Furthermore, ChatIQ stores past conversations and uploaded files in Vectorstore. The decision to make ChatIQ an open-source tool was made to ensure that users have control over their data and do not need to store sensitive information externally. However, it is still advised to exercise caution when inviting the bot to highly sensitive channels, as conversations in those channels will be stored. It is recommended to avoid sharing confidential or sensitive information in channels where the bot is invited.
If you're encountering issues with the chatbot, you can modify the log level by setting the corresponding environment variables.

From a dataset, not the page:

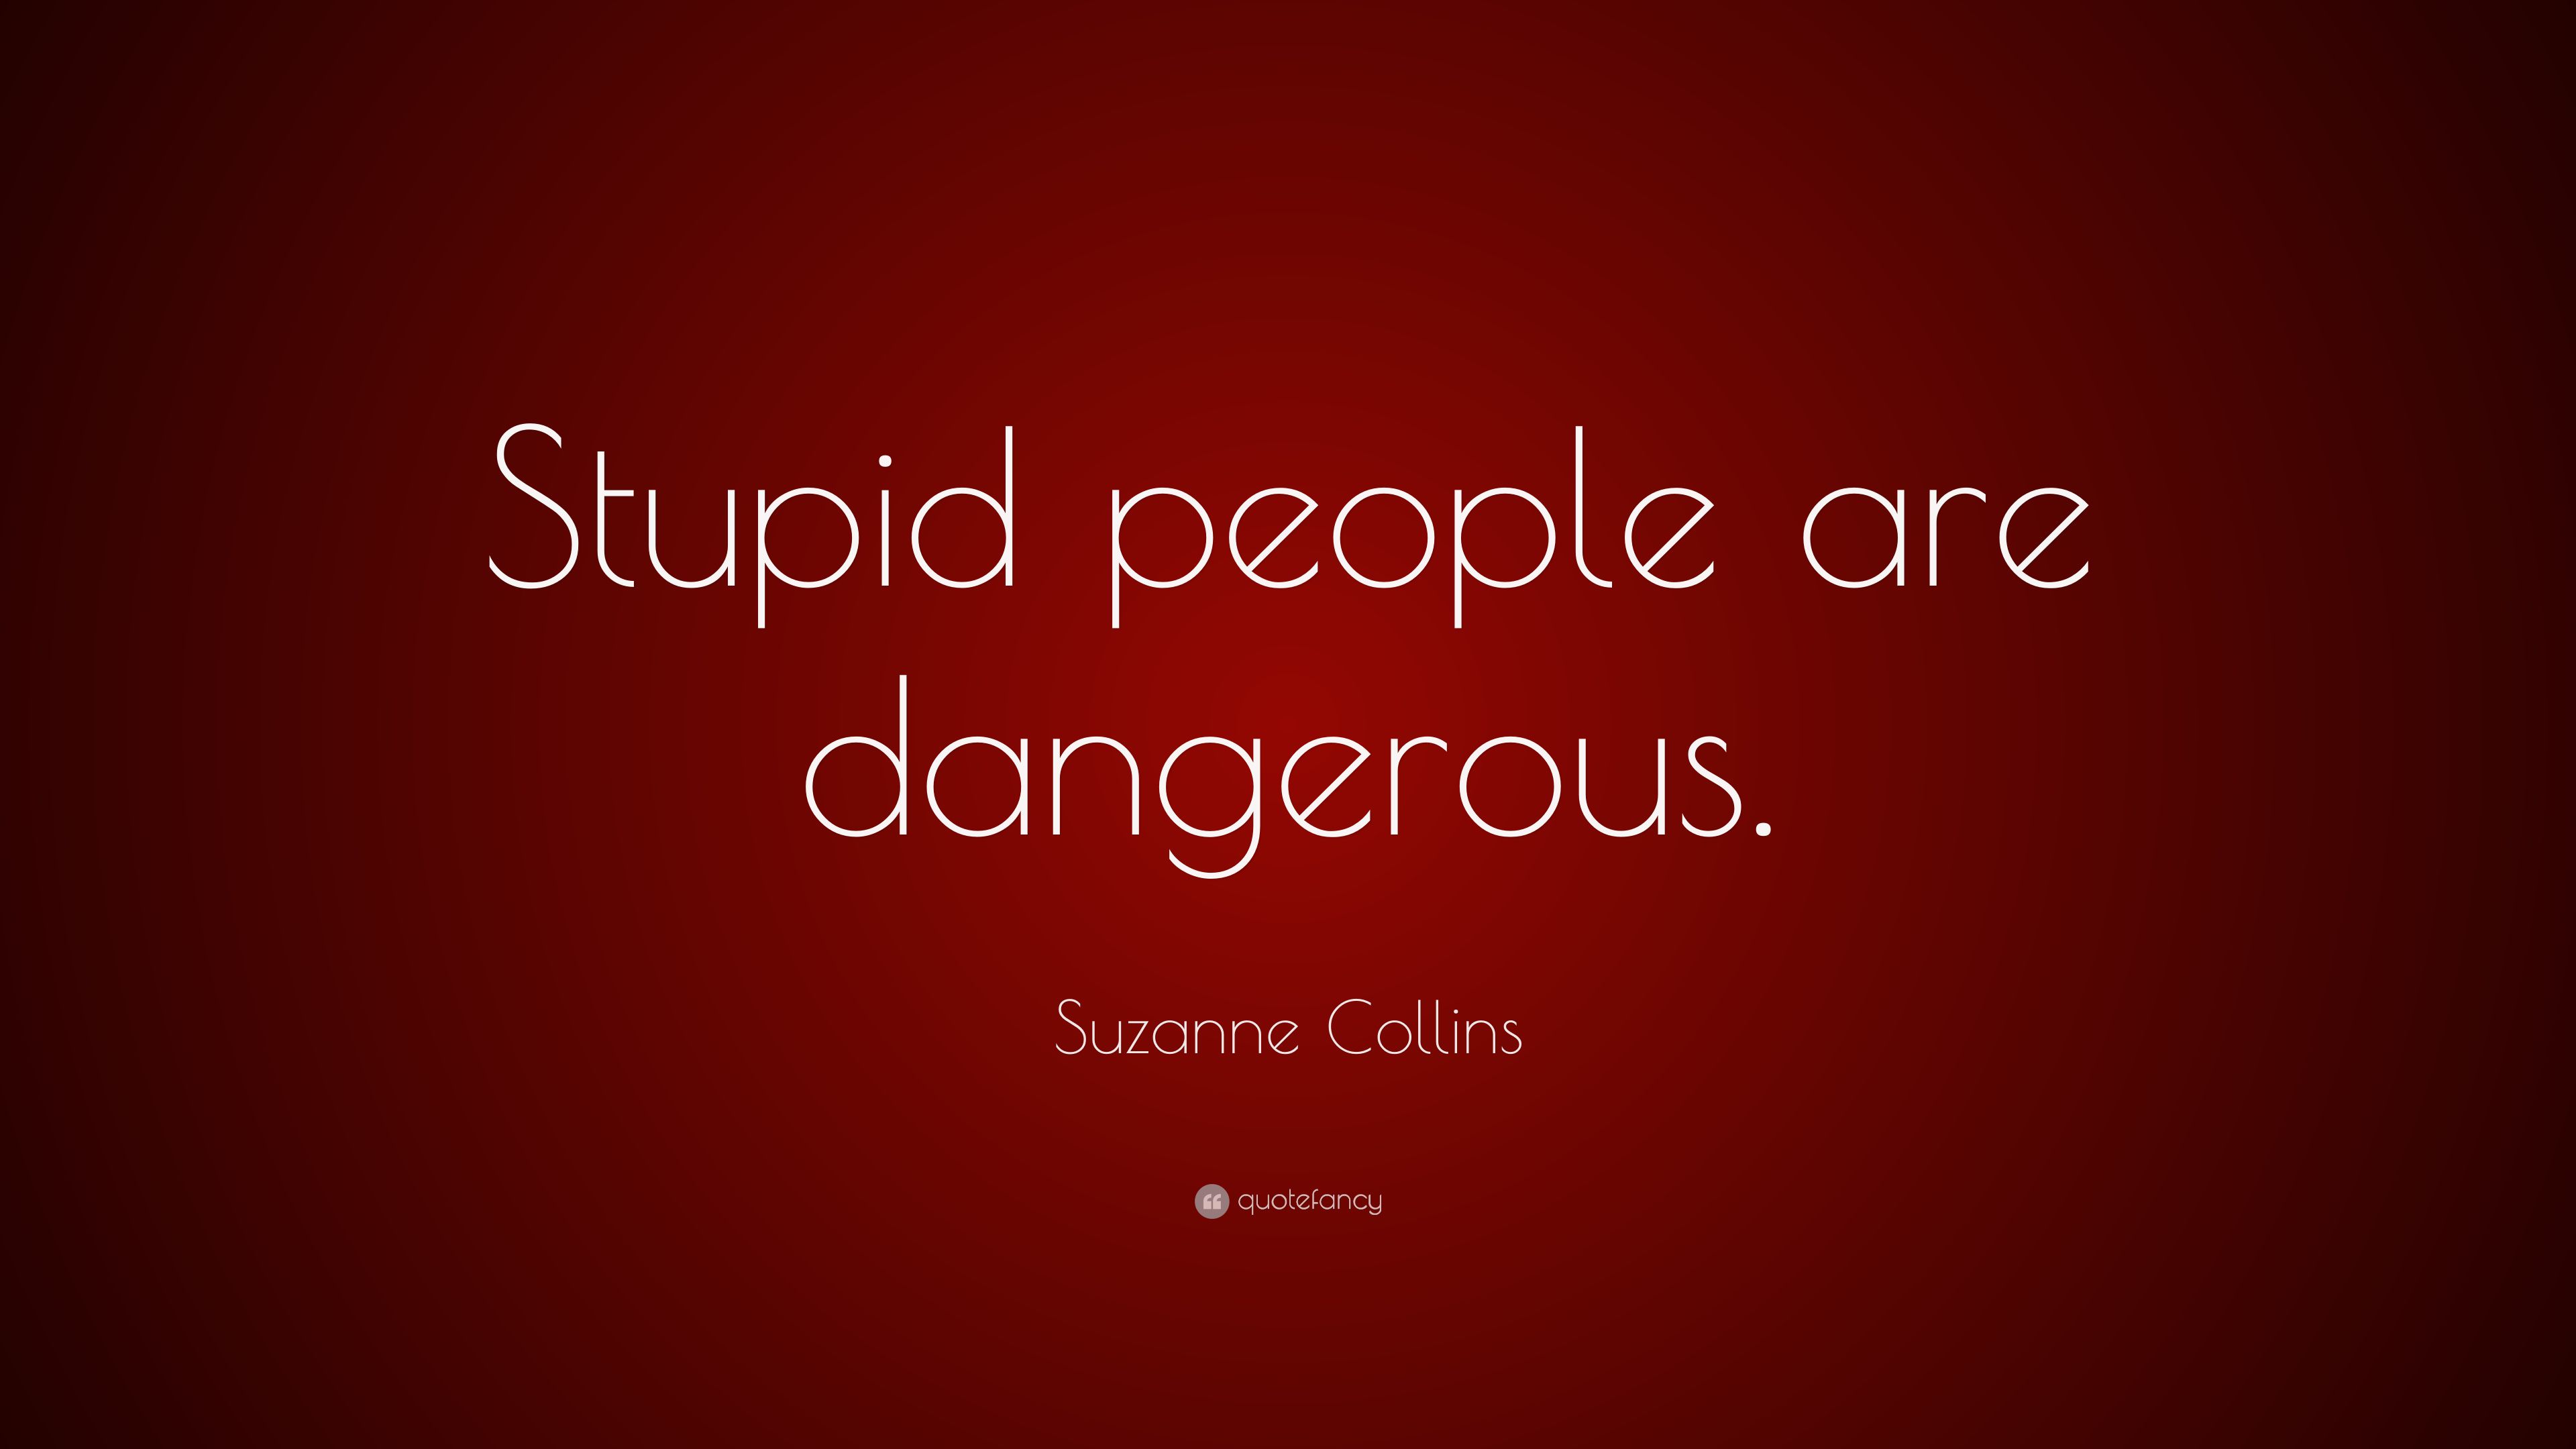 Suzanne Collins Quote: “Stupid people are dangerous.” (6 wallpaper)

To modify the log level, you can pass the LOG_LEVEL
environment variable when running the services with Docker Compose:
LOG_LEVEL=debug docker-compose up
This will override the default log level and set it to debug
. You can replace debug
with any desired log level.
If you want to trace the LangChain runs by the chatbot, you can use LangChain server, which is already configured with Docker Compose. After running docker compose up
, you can access http://localhost:4173/
to see the traced chains.
This project is licensed under the GPLv3 License. See LICENSE for details.